NOT FOR RELEASE, PUBLICATION OR DISTRIBUTION, IN WHOLE OR IN PART, DIRECTLY OR INDIRECTLY, IN, INTO OR FROM ANY JURISDICTION WHERE TO DO SO WOULD CONSTITUTE A VIOLATION OF THE RELEVANT LAWS OR REGULATIONS OF SUCH JURISDICTION

THIS ANNOUNCEMENT CONTAINS INSIDE INFORMATION

FOR IMMEDIATE RELEASE

 

27 March 2024

 

RECOMMENDED ALL-SHARE MERGER

OF

ABRDN PROPERTY INCOME TRUST LIMITED

with

CUSTODIAN PROPERTY INCOME REIT PLC

 

Results of Court Meeting and General Meeting held on 27 March 2024

On 14 March 2024, the Board of abrdn Property Income Trust Limited ("API") provided an update regarding its assessment of the recommended all-share merger with Custodian Property Income REIT ("CREI") (the "CREI Merger") and the proposal from Urban Logistics REIT plc ("Urban Logistics") in the context of all of the strategic options available to API, including a managed wind-down ("Managed Wind-Down").
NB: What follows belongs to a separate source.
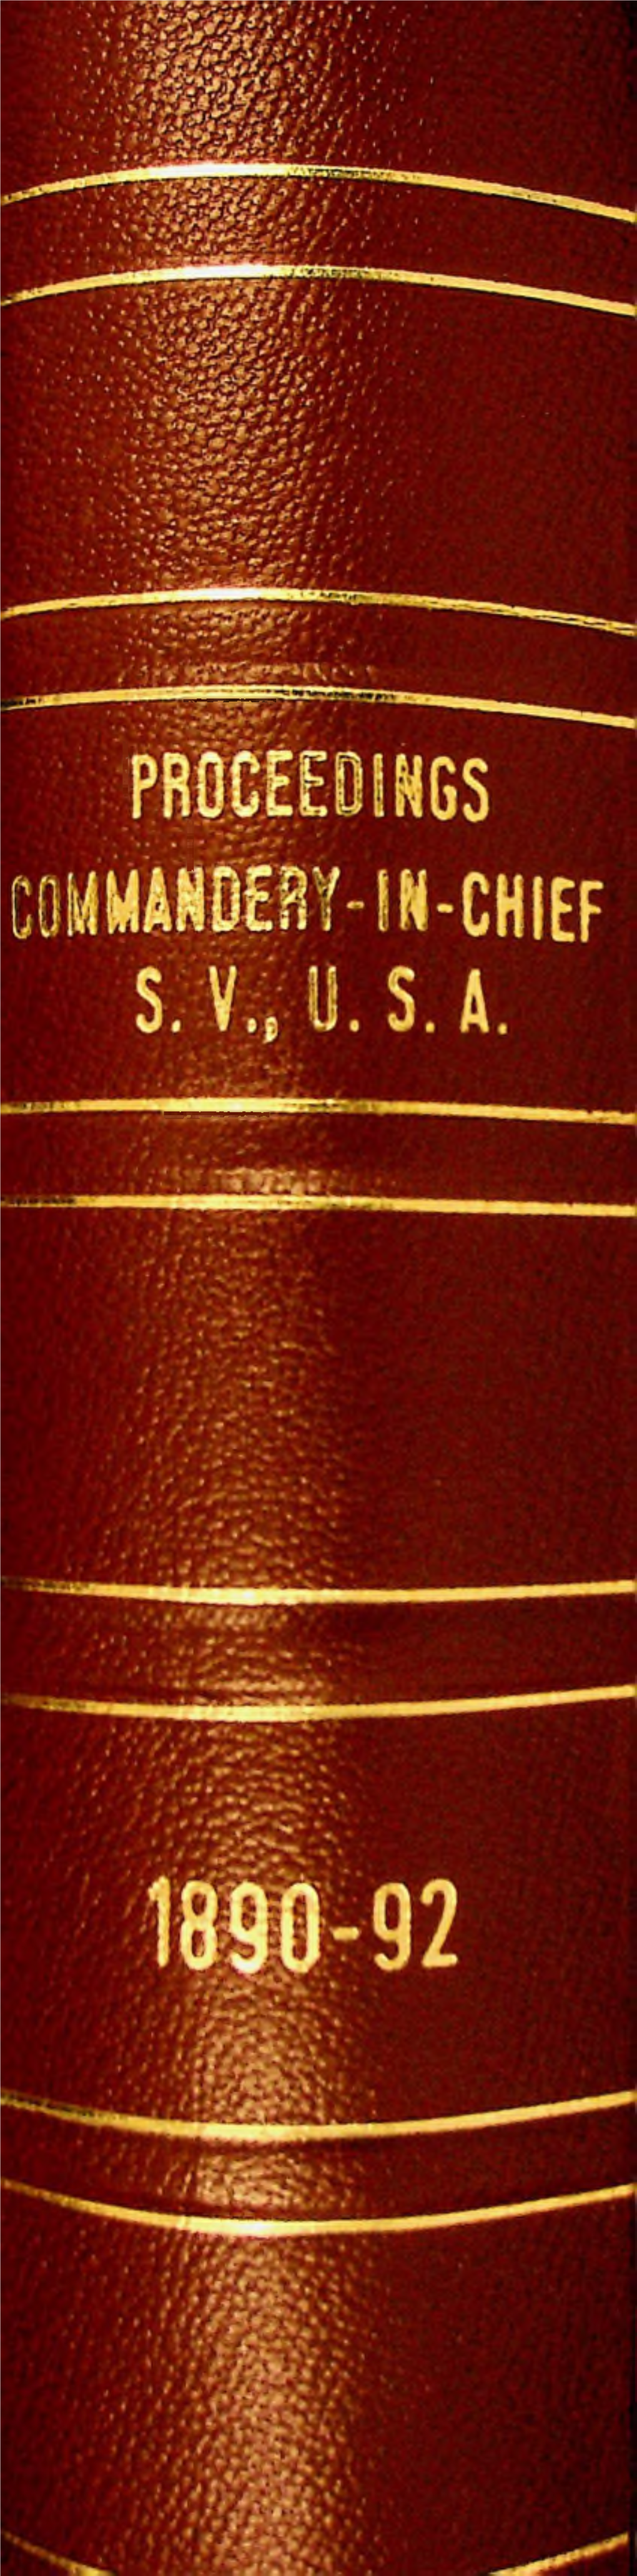 1890 Proceedings

The API Board reiterated its recommendation that API Shareholders vote in favour of the CREI Merger. It also confirmed that it intended to pursue a Managed Wind-Down in the event that the CREI Merger were not approved by the requisite majorities of API Shareholders, being 75% by value of API Shares voted at both the API Court Meeting and API General Meeting, and a majority in number of API Shareholders voting at the API Court Meeting.
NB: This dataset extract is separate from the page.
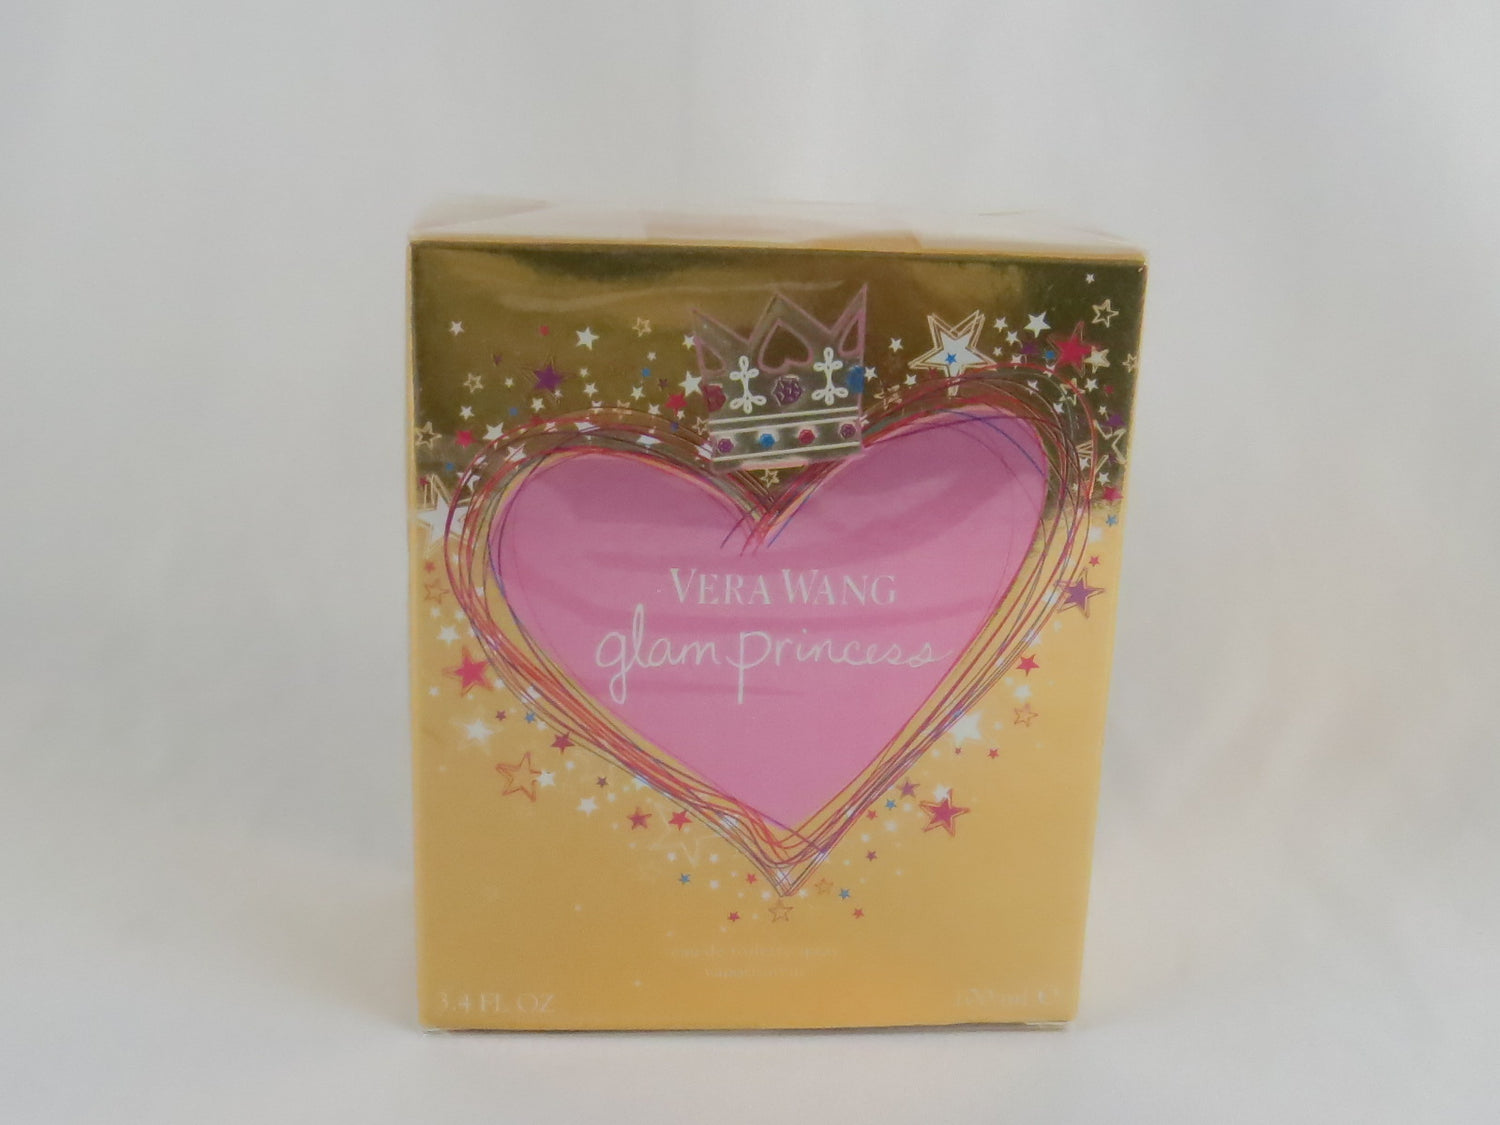 Perfume Vera Wang Glam Princess by Vera Wang 3.4 oz Eau De Toilette Spray for Women - Banachief Outlet

The API Court Meeting and API General Meeting were adjourned to 27 March 2024, and accordingly the meetings were convened earlier today. The total votes in favour of the resolutions to implement the CREI Merger were 60.79% of API Shares voted at the Court Meeting and 61.37% of API Shares voted at the General Meeting, and 86.15% by number of API Shareholders who voted at the Court Meeting.

The proportions of API Shares voting in favour were below the minimum threshold needed to approve the resolutions. As such the CREI Merger has been terminated, the scheme of arrangement implementing the CREI Merger has lapsed and API is no longer in an offer period as defined by the City Code on Takeovers and Mergers.
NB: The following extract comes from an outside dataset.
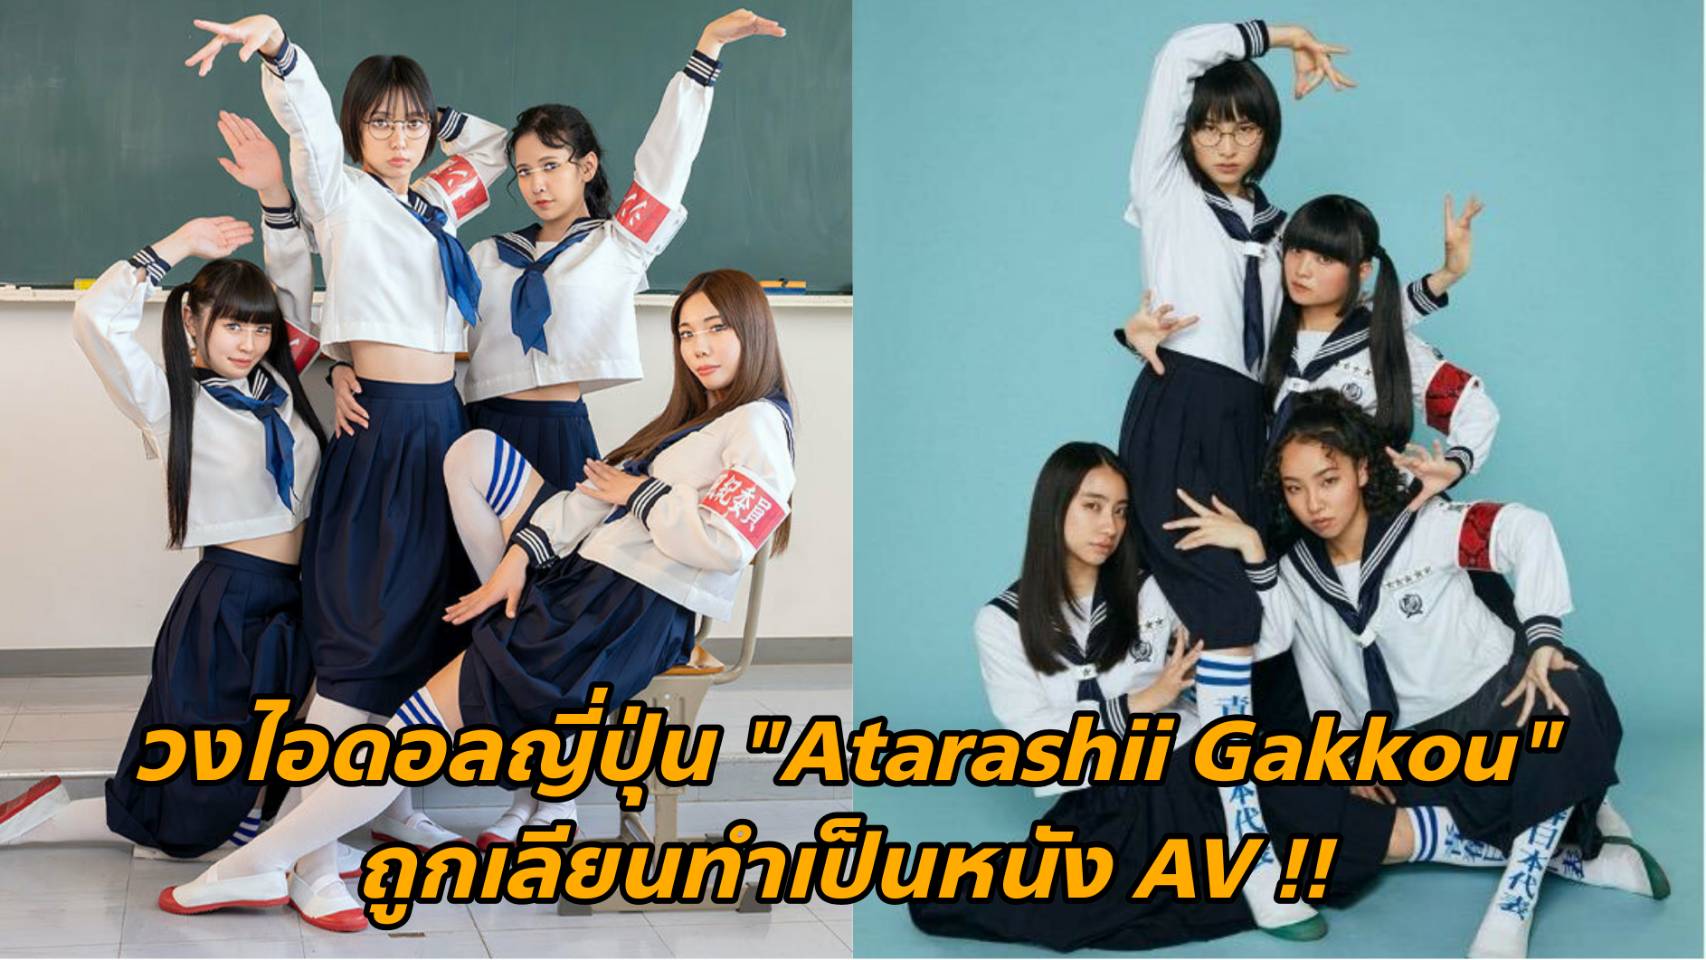 [HUNTC-006] วงไอดอลญี่ปุ่น "Atarashii Gakkou" ถูกเลียนทำเป็นหนัง AV 12

Further to its announcements of 14 March 2024 and 20 March 2024, the API Board will now take steps to implement a Managed Wind-Down subject to the approval of API Shareholders at a general meeting. More information on this process will be set out in due course.

James Clifton-Brown, Chair of API, said:

"The API Board independently elected to undertake a comprehensive review of API's strategic options which resulted in a number of opportunities to deliver an uplift in value for API Shareholders.

While the CREI Merger gained the support of 61% by value of API Shareholders voting and approximately 79% by number, the former falls short of the 75% threshold required.

In view of these results and the challenges that API would continue to experience as a standalone company, the API Board will now take steps to implement a Managed Wind-Down, subject to API Shareholder approval, building upon the work already undertaken by the API Board and the company's investment manager and advisers, with the objective of delivering enhanced returns for API Shareholders."

Voting results of the Court Meeting

The table below sets out the results of the poll at the Court Meeting:


Number of Scheme Shares voted

% of Scheme Shares voted*

Number of Scheme Shareholders who voted

% of Scheme Shareholders who voted*

Number of Scheme Shares voted as a % of the issued share capital entitled to vote on the Scheme*

For

83,759,264

60.79

112**

78.87**

21.97

Against

54,017,583

39.21

30**

21.13**

14.17

Total

137,776,847

100

142**

100**

36.14

 

* All percentages rounded to two decimal places.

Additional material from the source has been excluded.